Nitrogen fertilization (used in this study) can also increase OC by increasing the crop yield and the amount of residue returned to the soil compared with no fertilization [20]. Thus, crop rotations (especially with a legume) and nitrogen fertilization can influence the OC sequestration in tilled and non-tilled soils due to differences in the mineralization rates of crop residues and soil organic matter.
Cover crops (CC) can influence soil hydraulic properties like the water content, pore size distribution and water infiltration, and these may in turn influence the soil chemistry. For example, Haruna et al. [21] reported that CC improved macropores by 24% compared with NC, and this increased the soil saturated hydraulic conductivity.
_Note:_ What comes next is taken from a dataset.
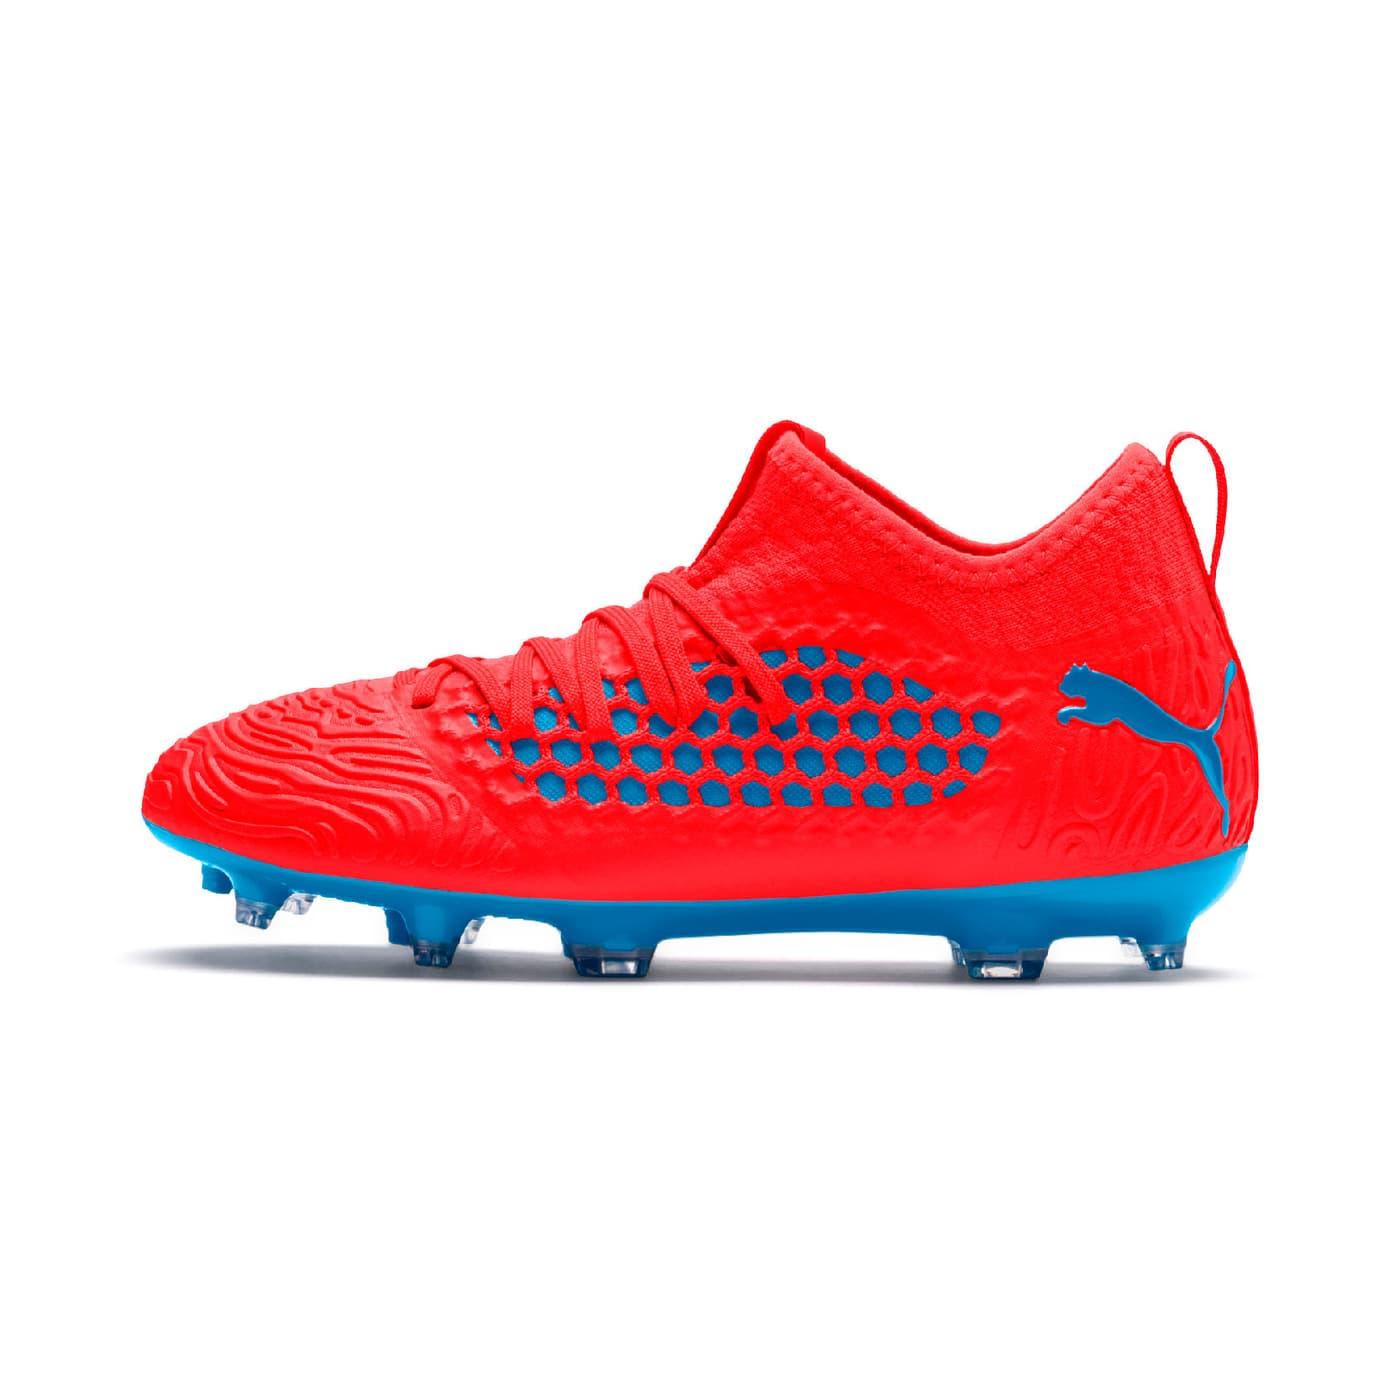 251191f0648fc Puma Future 19.3 FG Chaussures de football pour enfant ...
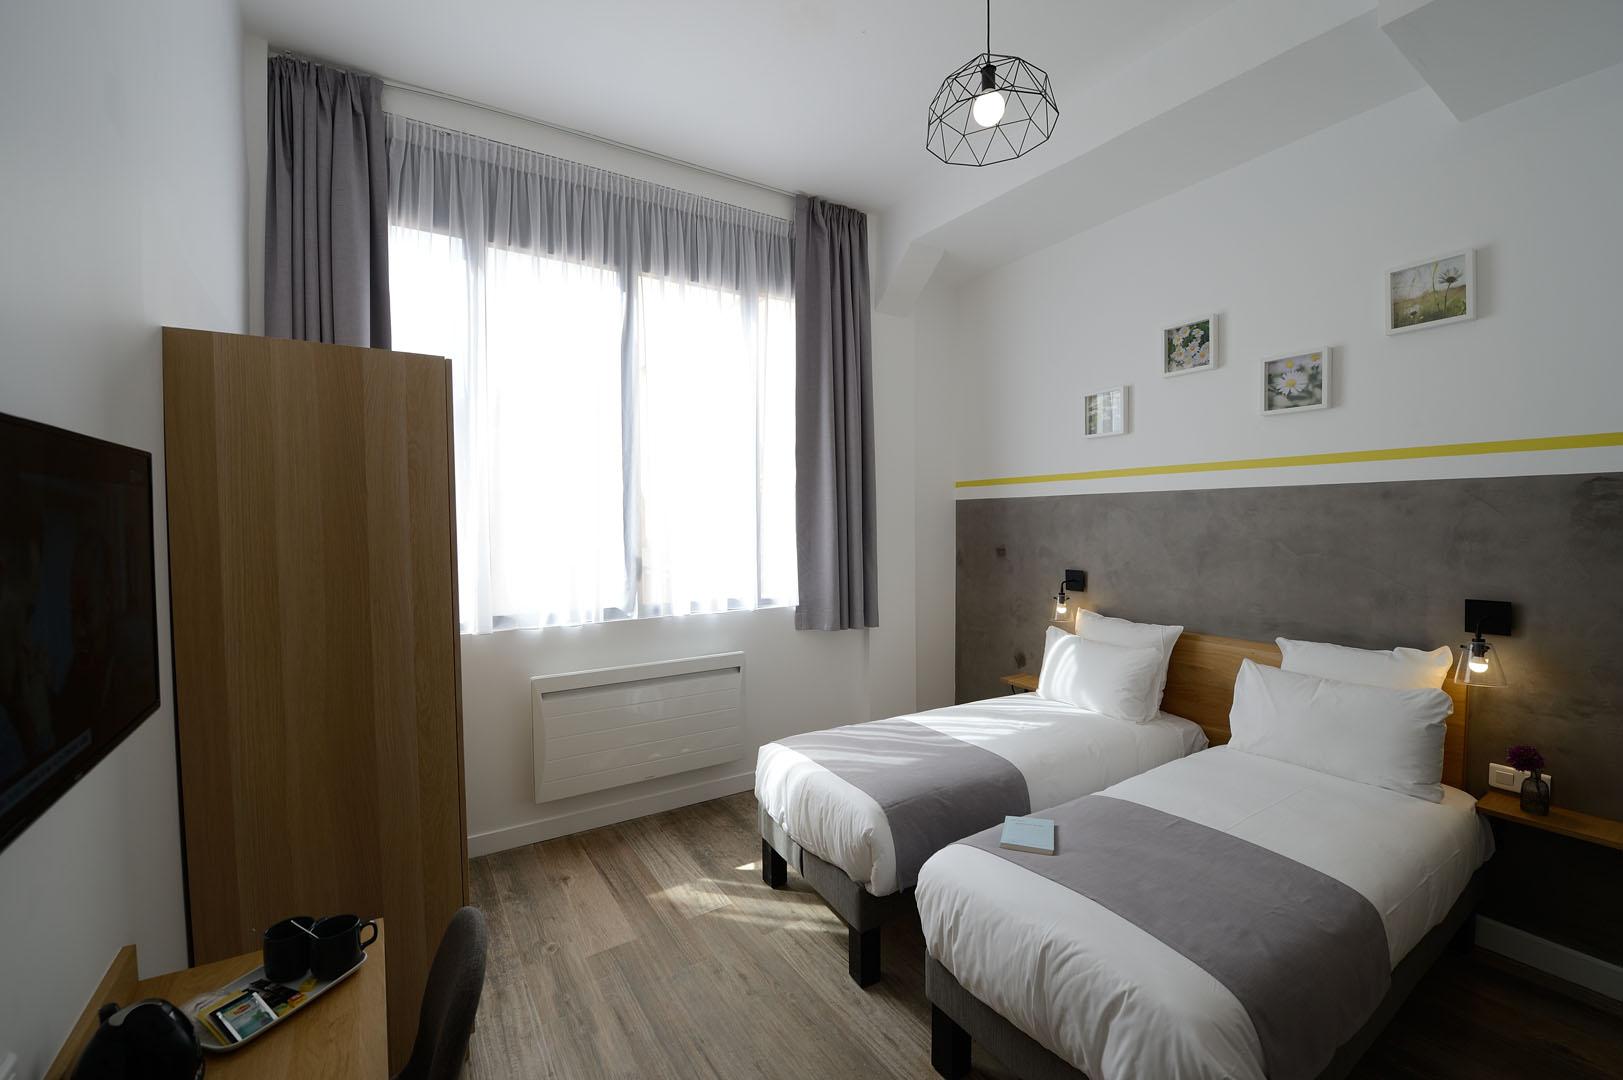 Chambre moderne, dans notre boutique hôtel à Paris, l'hôtel Terre Neuve.

Furthermore, Haruna et al. [22] reported that CC management improved water infiltration parameters compared with NC management. Under laboratory conditions, [23] reported that CC improved the soil water content and OC, and this led to a higher heat capacity under CC management compared with NC management. All these properties may influence soil chemical properties directly and indirectly.
Despite their numerous benefits, these practices can also have a negative impact on soil chemical properties [24]. For example, the physical act of tillage disrupts the soil structure and can cause the increased decomposition of previously stable soil organic matter [6].
Across the Midwestern United States, studies have been carried out on the effects of agricultural management practices on soil properties (see [25]). However, in central Missouri, where tillage and crop rotation are also practiced, studies that quantify the combined effects of the various agricultural management practices on soil chemical attributes are not readily available. Such information will be useful for recommending management practices to producers to enhance the productivity and sustainability of crop production. Therefore, the objective of this study was to assess the combined effects of tillage, cover crop and crop rotation on the chemical properties of a silt-loam soil.

2. Materials and Methods

2.1. Site Description

The study was conducted at Lincoln University of Missouri’s Freeman farm in Jefferson City. Its geographic coordinates are 38°58′16″ N latitude and 92°10′53″, with an elevation of 166 m above sea level and a 2% slope. The soil is classified by the USDA as a Waldron silt loam (Fine, smectitic, calcareous, mesic Aeric Fluvaquents). It has a fine sub-angular blocky structure in the Ap horizon, which extends from the surface to a depth of about 20 cm. The Ap horizon is underlain by C1 (20–35 cm), C2 (35–43 cm), Cg1 (43–71 cm), Cg2 (71–101 cm) and Cg3 (101–152 cm) horizons, all of similar structure. This lack of a B-horizon further makes this study unique as there are fewer studies on such shallow, less developed but agriculturally important soils. The mean annual average temperature at the study site is 13 °C, with January (−6 °C) and July (31 °C) being the coldest and warmest months, respectively. The mean annual precipitation between 2011 and 2013 was 990.6 mm, with the months of May and August usually receiving the greatest and least precipitations, respectively. However, 2012 was a particularly dry year with an average precipitation of about 752.09 mm.
Twenty-four plots (each measuring 12.2 × 21.3 m) of each corn (Zea mays L.) and soybean (Glycine max) were established on a 4.05 ha field and arranged in a 3-factor factorial design with 3 replications. The 3 factors (treatments) were two types of tillage management (no-tillage and conventional tillage), two types of cover crop (cereal rye [Secale Cereale]) management (no-cover crop and cover crop) and four types of rotation (continuous corn, continuous soybean, corn/soybean and soybean/corn rotations). The type of tillage was moldboard plow, henceforth called conventional tillage. Tillage was done in the spring season of each year, to a depth of about 15 cm. After tillage, the field was disked. Corn and soybean were planted each year in the months of May and June respectively and harvested in late October. Cereal rye was planted in 12 plots of each corn and soybean in October, after harvesting the corn and soybean crops. It was terminated in May of the following year by using a dilute solution of glyphosate [N-(phosphonomethyl) glycine; C3H8NO5P] in water in a ratio of 1:3. All corn and soybean plots received 26 kg N ha−1, 67 kg P2O5 ha−1, and 67 kg K2O ha−1, applied by broadcasting just before planting. However, the corn plots received an additional 202 kg N ha−1 from urea incorporation. Urea was injected into the no-till plots. More information about the study site can be found in [21,22,26].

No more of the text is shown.